In a nutshell, most of the Bush-era tax cuts were made permanent -- with some tweaks -- although higher-income individuals now must pay higher tax rates.
The estate tax, which would have reverted to levels that spelled trouble for family farm operations in the absence of congressional action, was permanently set through the legislation at a rate of 40% on estates valued at $5 million (and adjusted for inflation), or $10 million per couple. Without action, levels would have gone back to $1 million and 55%.
Dale Moore, American Farm Bureau Federation deputy director of public policy, plus others in the agricultural community, has long advocated for a full repeal of the estate tax.
He said the federation is pleased that the "top-shelf priorities" of estate tax and capital gains were made permanent and noted that while increasing the estate tax rate from 35% to 40% wasn't preferred, it nevertheless represents a "compromise from all three corners."
Roger McEowen, director of the Center for Agricultural Law & Taxation at Iowa State University, said he anticipates the inflation-adjusted level to be $5.25 million, and with Iowa land values averaging $11,000 per acre, farms of up to approximately 477 acres would fall below that level, thus eliminating estate tax planning problems for a lot of people.
Danny Murphy, president of the American Soybean Assn., noted that the previous estate tax level of $1 million could have applied to the sale of as few as 80 acres in the Midwest.
Contrary to recent years, when each year brought with it a different level, Murphy said, "This is a big win for agriculture and gives farmers the ability to do estate tax planning with certainty over a time period."
Less to take home
According to the Tax Policy Center, even though the tax cuts have been extended for 98% of taxpayers, 77% of Americans will pay higher taxes in 2013. As of Dec. 31, 2012, the temporary 2% reduction in an employee's share of the Social Security tax expired, and this provision was not extended as part of the fiscal cliff negotiations.
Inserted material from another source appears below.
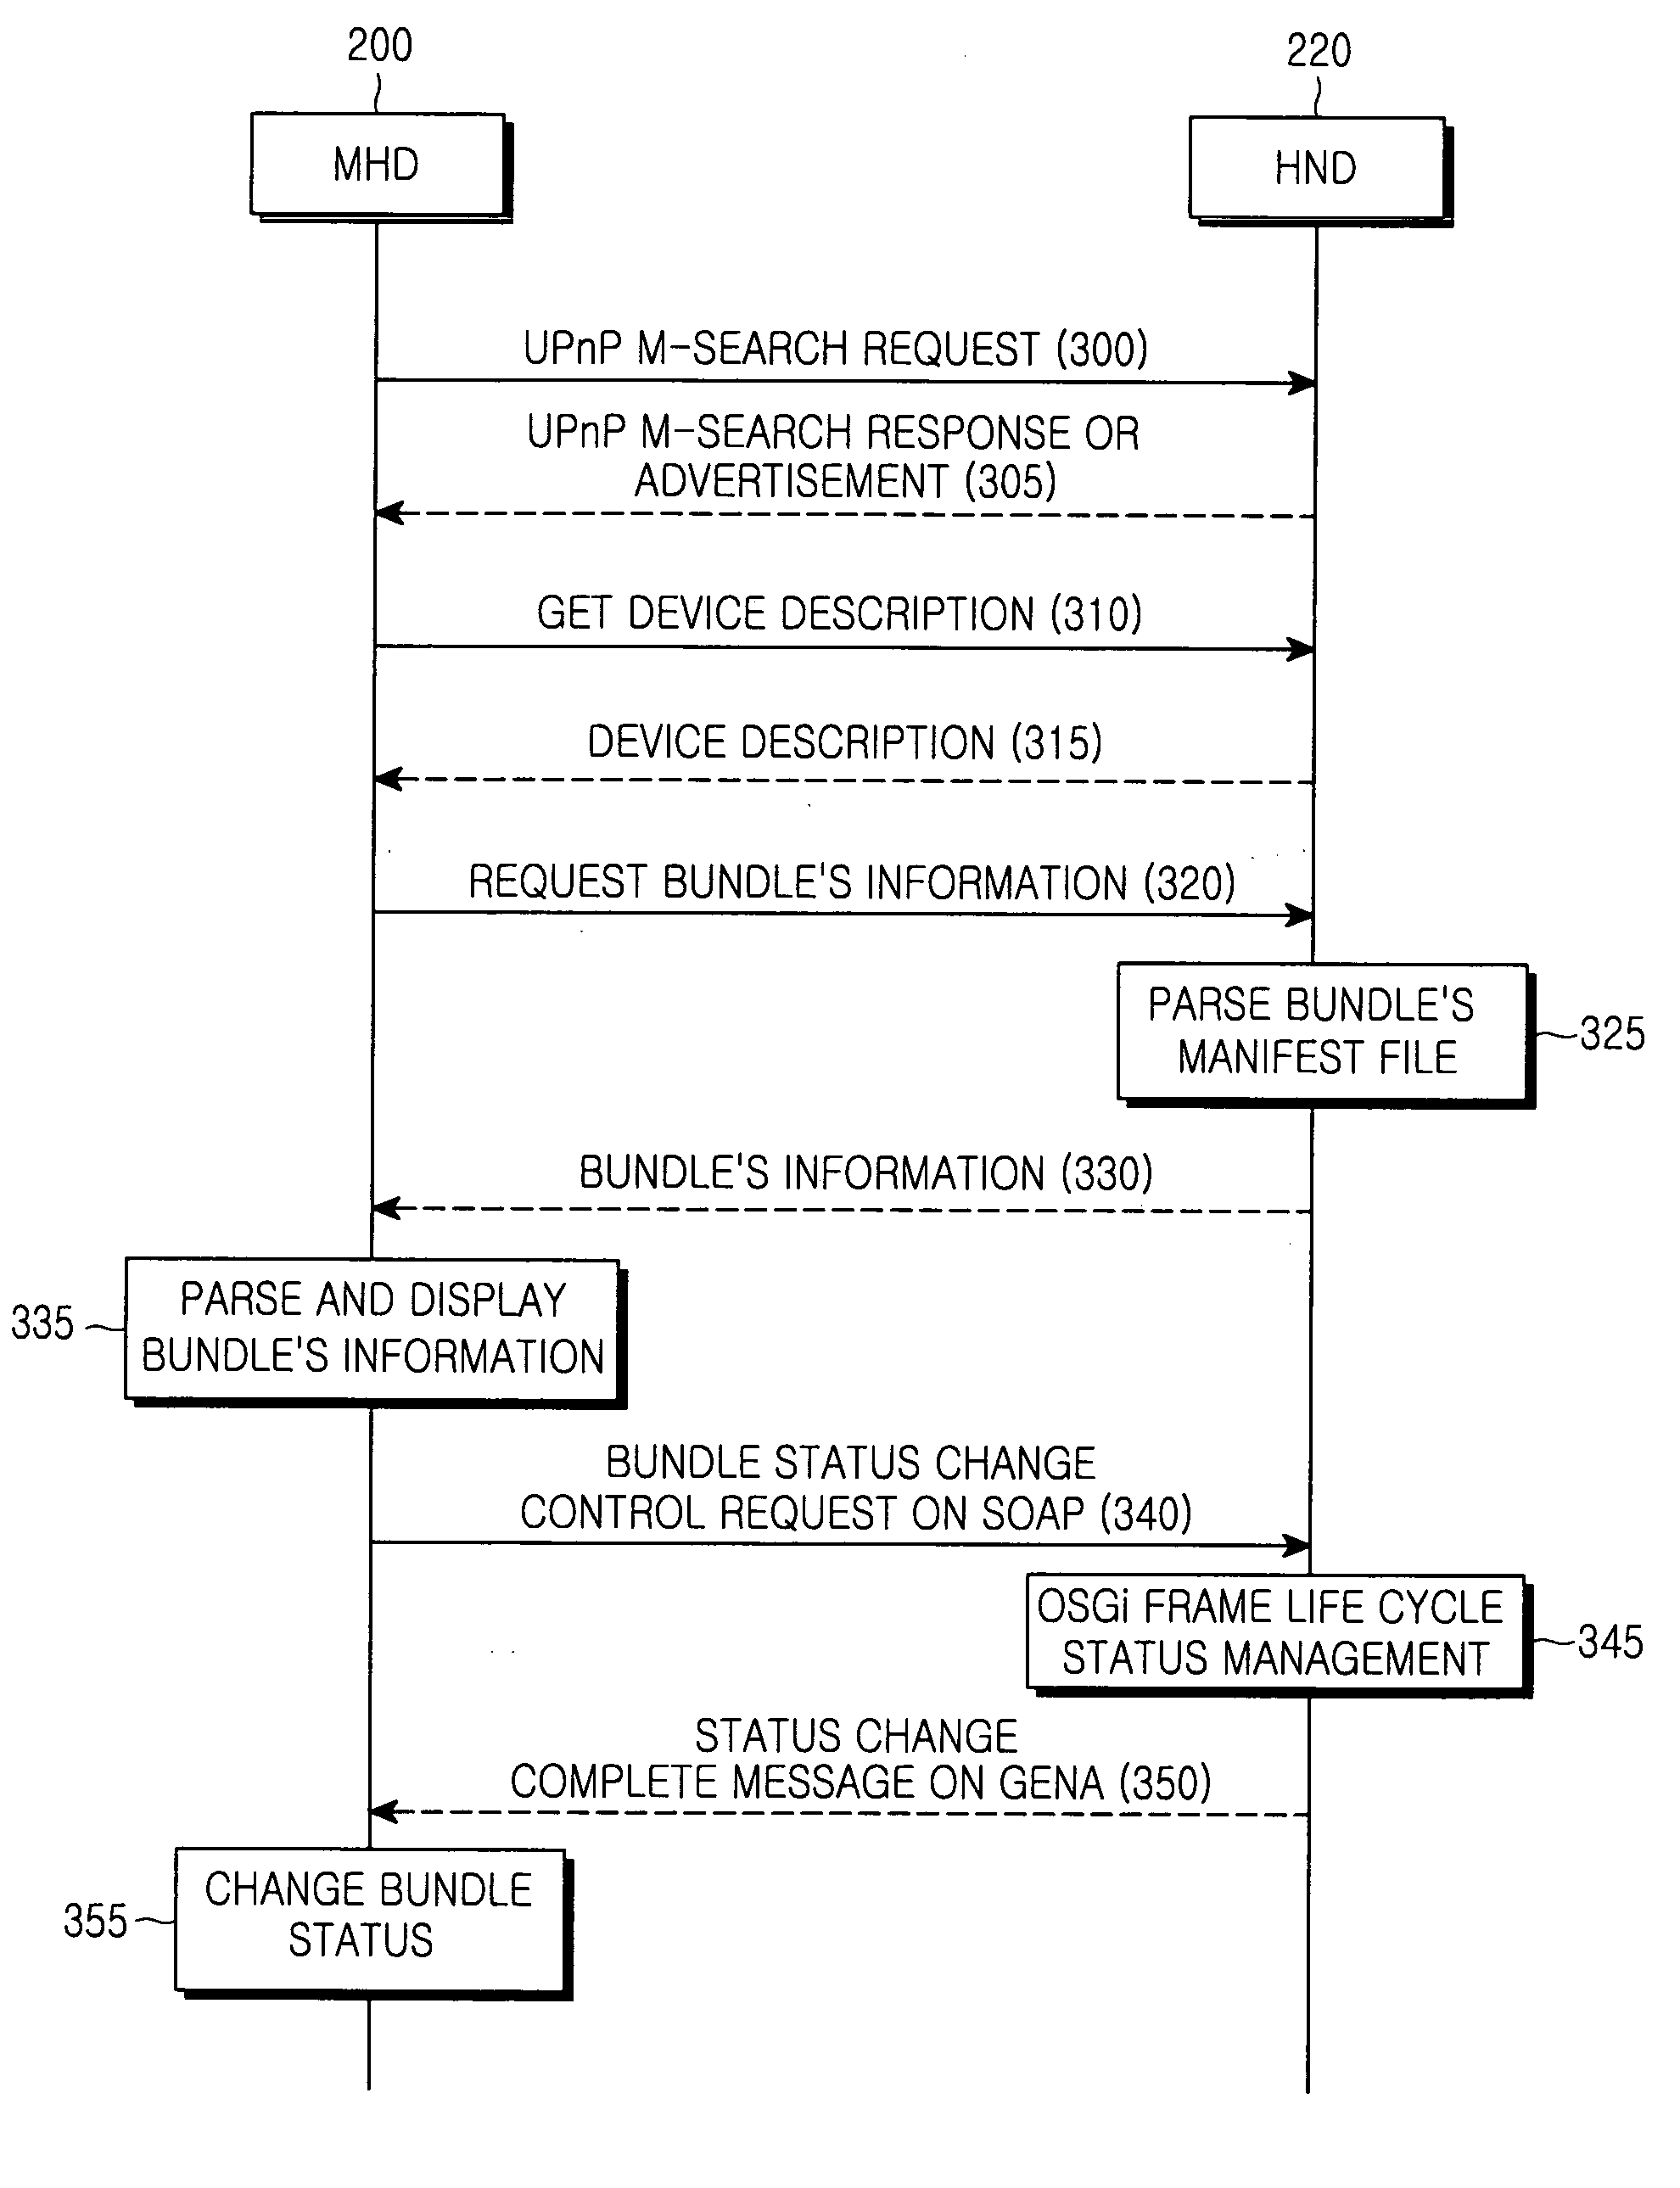 System and method for managing applications of home network devices

As a result, wage earners can expect their paychecks to be 2% lighter in 2013 than in 2012, at least on the first $113,700 of income.
Section 179 limit enhancements and the 50% bonus depreciation have been extended for the 2013 tax year within the American Taxpayer Relief Act of 2012.
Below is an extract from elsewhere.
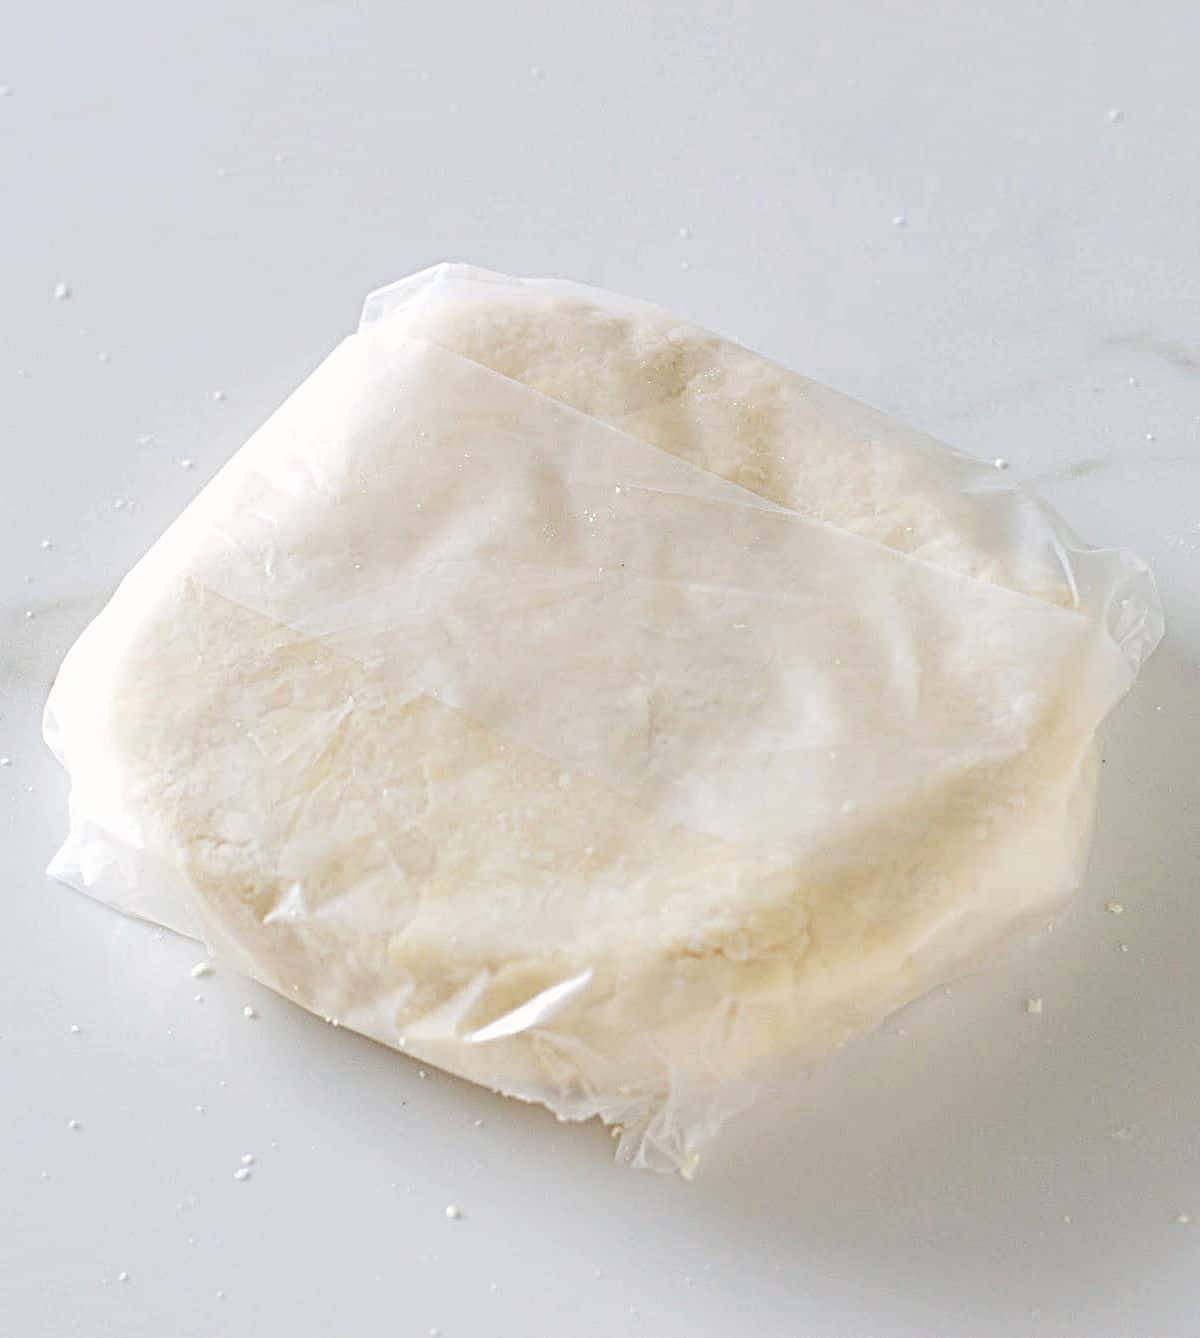 Disc of pie crust wrapped in plastic on a white surface.

Last year, Section 179 was scheduled to drop in 2012 and beyond. The provision allowed for the immediate write-off of up to $500,000 in qualifying assets in 2011, but only $125,000 in 2012 and $25,000 in 2013. The fiscal cliff deal raised the limit back to $500,000 for 2012 and 2013.
Similarly, the amount of qualifying assets that can be placed in service before requiring a reduction in the limitation was increased from $500,000 in 2012 and $200,000 in 2013 to $2 million in both years.
McEowen called the deal "huge," especially for those in the top individual tax bracket, because it allows assets to be moved and returns amended.
For those individuals above the $450,000 threshold and at higher income tax rates, an election on the sale of capital assets such as a combine or tractor can be revoked and the basis pulled forward to minimize the capital gains tax on the sale, he noted.
In addition, the farm income averaging tool may eliminate about 75% of the tax increase -- or at least defer it for three years.
"If you're expecting 2013 to be a better year than 2012, you can make the income averaging election to pull income out of 2013 and spread it back over the previous three years," McEowen said.
Watching deferred grain sales is also another important option if income is needed in 2012 rather than in 2013, McEowen added.
The agreement extends the 50% bonus depreciation, a cost-effective, temporary measure to support investment and growth, according to the White House.
Murphy said the bonus depreciation changes give farmers incentives to make investments in new machinery and buildings via tax savings.